PS: Acrescento, só, que uma compostagem, a realizar como deve ser, deve ser feita com minhocas autóctones. Ora em portugal continental, há locais onde estão a ser usadas minhocas da califórnia!!! É absolutamente incrível a inconsciência de tal acto!!!

DMS disse...

Concordo com a Isabel. Os cidadãos e os partidos têm todo o direito de fazer crítica às instituições, o que não deve ser entendido como ataques pessoais. O problema é que quando nessas instituições não existem argumentos válidos para defender as suas opções, existe a tendência para passar ao ataque pessoal, chegando a extremos ridículos. Infelizmente não é a primeira vez que isto acontece, o Carlos Botelho já afirmou publicamente, por exemplo, que a Quercus é uma organização sem preocupações ambientais. Ele não está contra as pessoas, ele está é contra o mundo.

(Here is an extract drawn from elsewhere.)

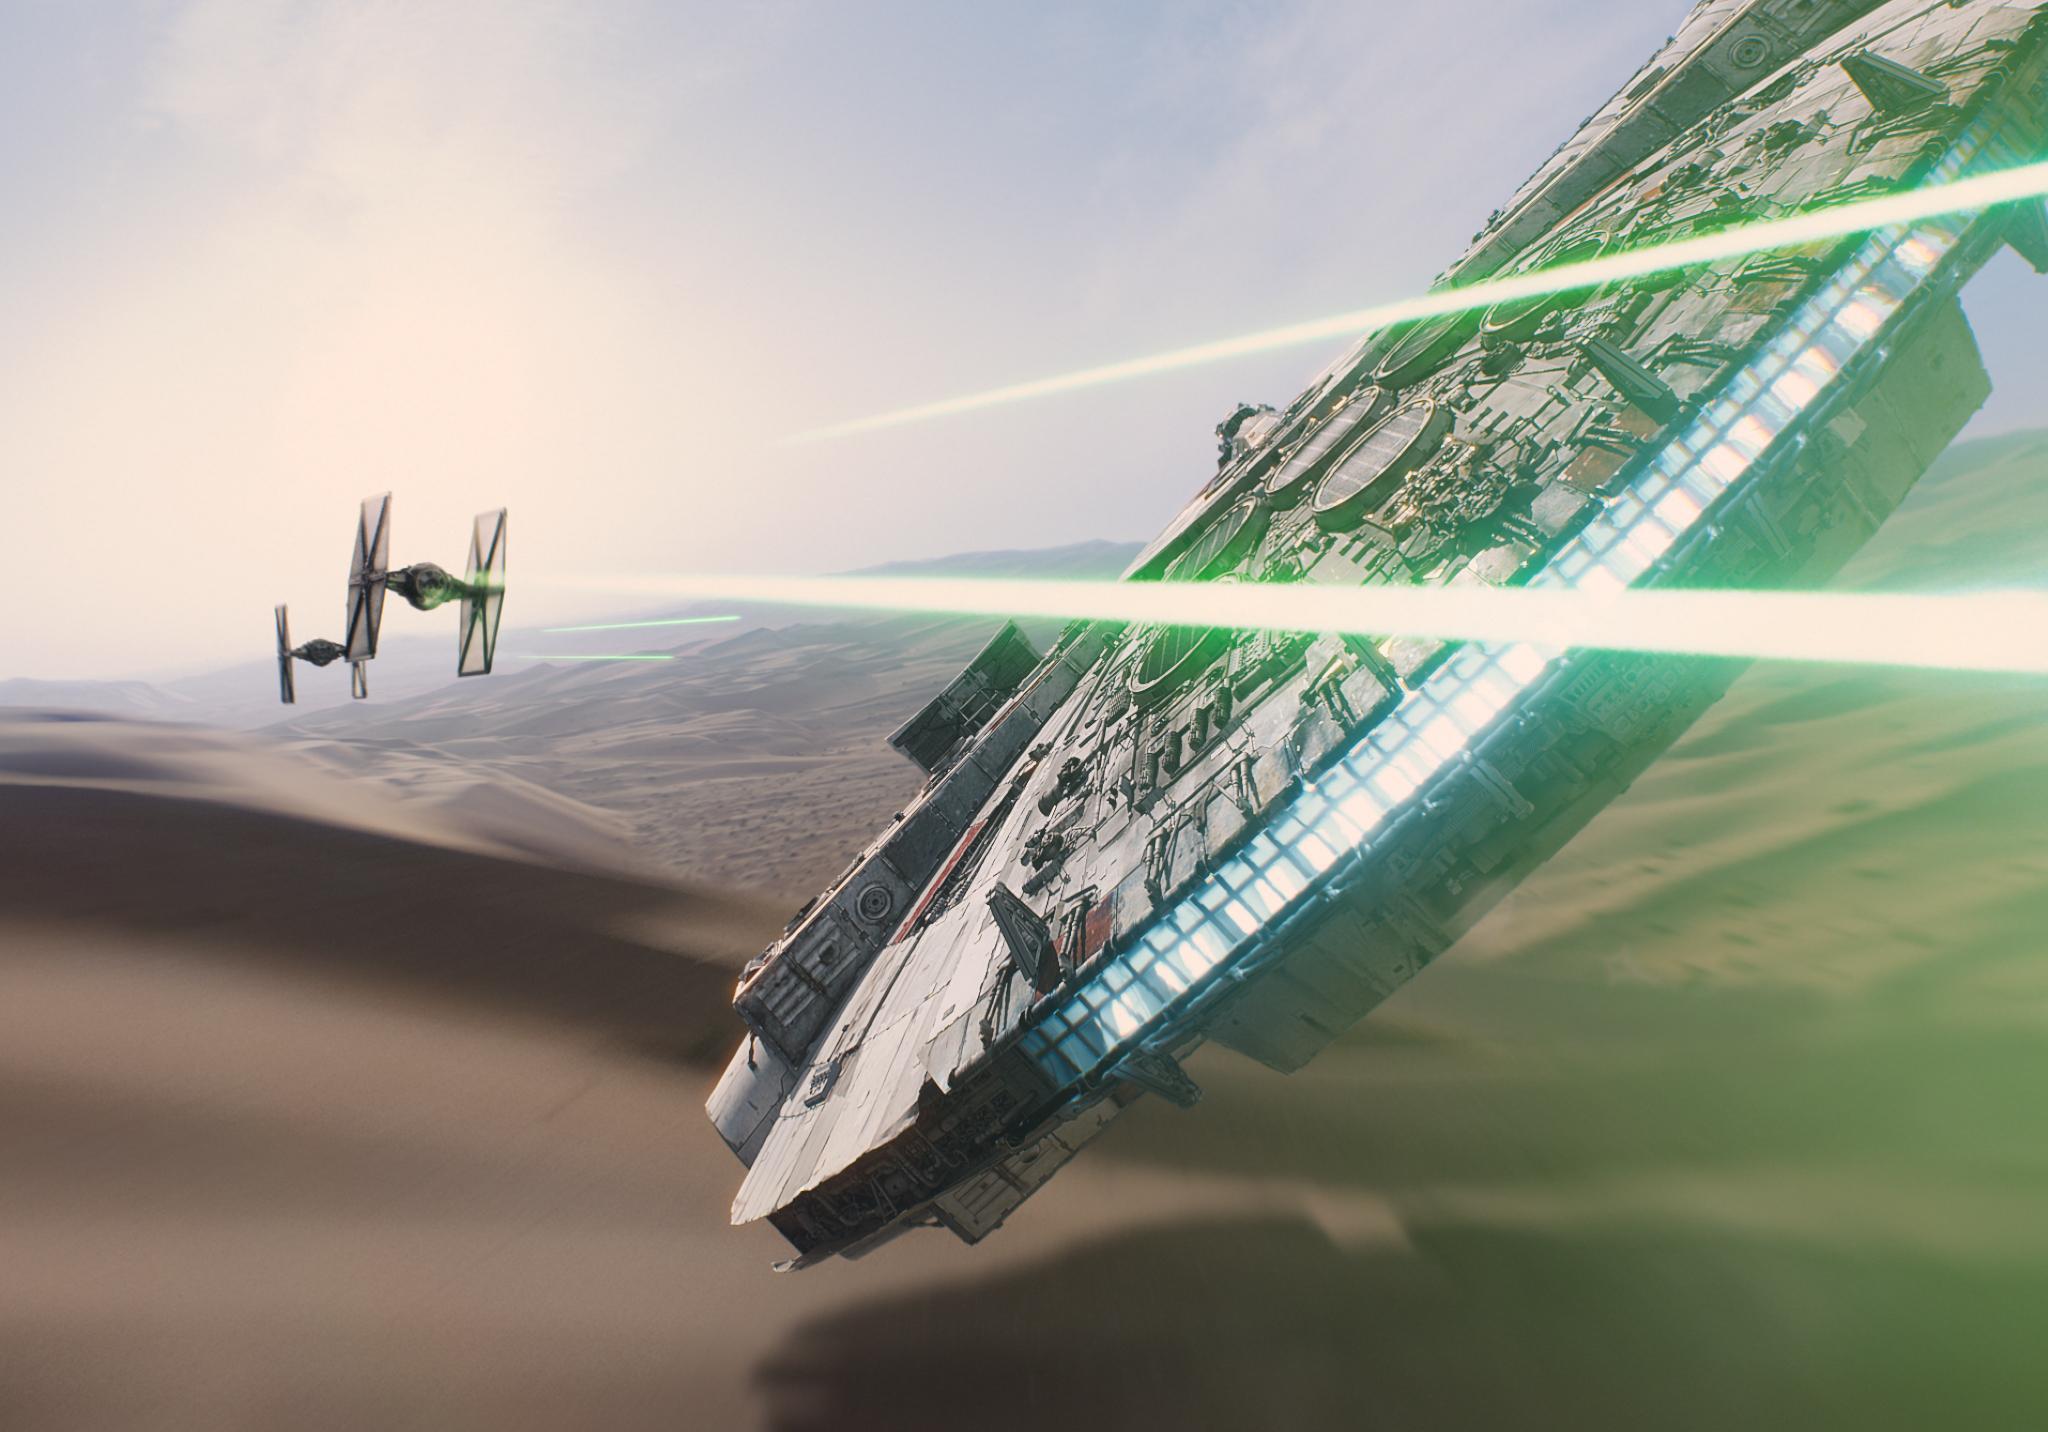 star-wars-the-force-awakens-millennium-falcon (1)

Em relação à falta de argumentos, também vale a pena relembrar que a discussão pública do projecto da incineradora foi realizada no mês de agosto passado, na Ribeira Grande e em horário laboral. Foi feito mesmo para ninguém poder assistir. E o pior e mais vergonhoso é que agora a AMISM anda a criticar alguns ambientalistas por não terem assistido!

E ainda recomendo a leitura do “esclarecimento” escrito pela AMISM (http://www.amism.pt/Portals/1/noticias/Resposta%20Ecoparque.pdf) para ver até que ponto são fracas as suas supostas argumentações.

DMS disse...

Pedro, é verdade que as minhocas utilizadas na vermicompostagem são minhocas da Califórnia (Eisenia phoetida), o que deve ser motivo de grande preocupação. Na central de vermicompostagem do Nordeste deram-me bastantes garantias de que, corretamente tratadas, a probabilidade delas fugirem e sobreviverem é quase inexistente. Mas acho que o melhor era investigar uma opção com espécies de minhocas nativas.

Daniel, está claro que a ciência económica deve evoluir (e muito) para evitar essa absurda oposição entre os interesses do planeta e os interesses do homem.

Pedro Miguel Pereira disse...

DMS pois... é brincar com o fogo. E temos o caso das Abelhas, que começaram a morrer em grande número, devido, curiosamente, penso, a um vírus israelita. Chegou-se a pensar que era o fim do mundo já que são elas que permitem o crescimento da maioria das plantas fundamentais à alimentação - mas o pior é que o perigo não passou e não passará, enquanto existir o capitalismo com a sua lógica de pôr, em primeiro lugar, o lucro!!!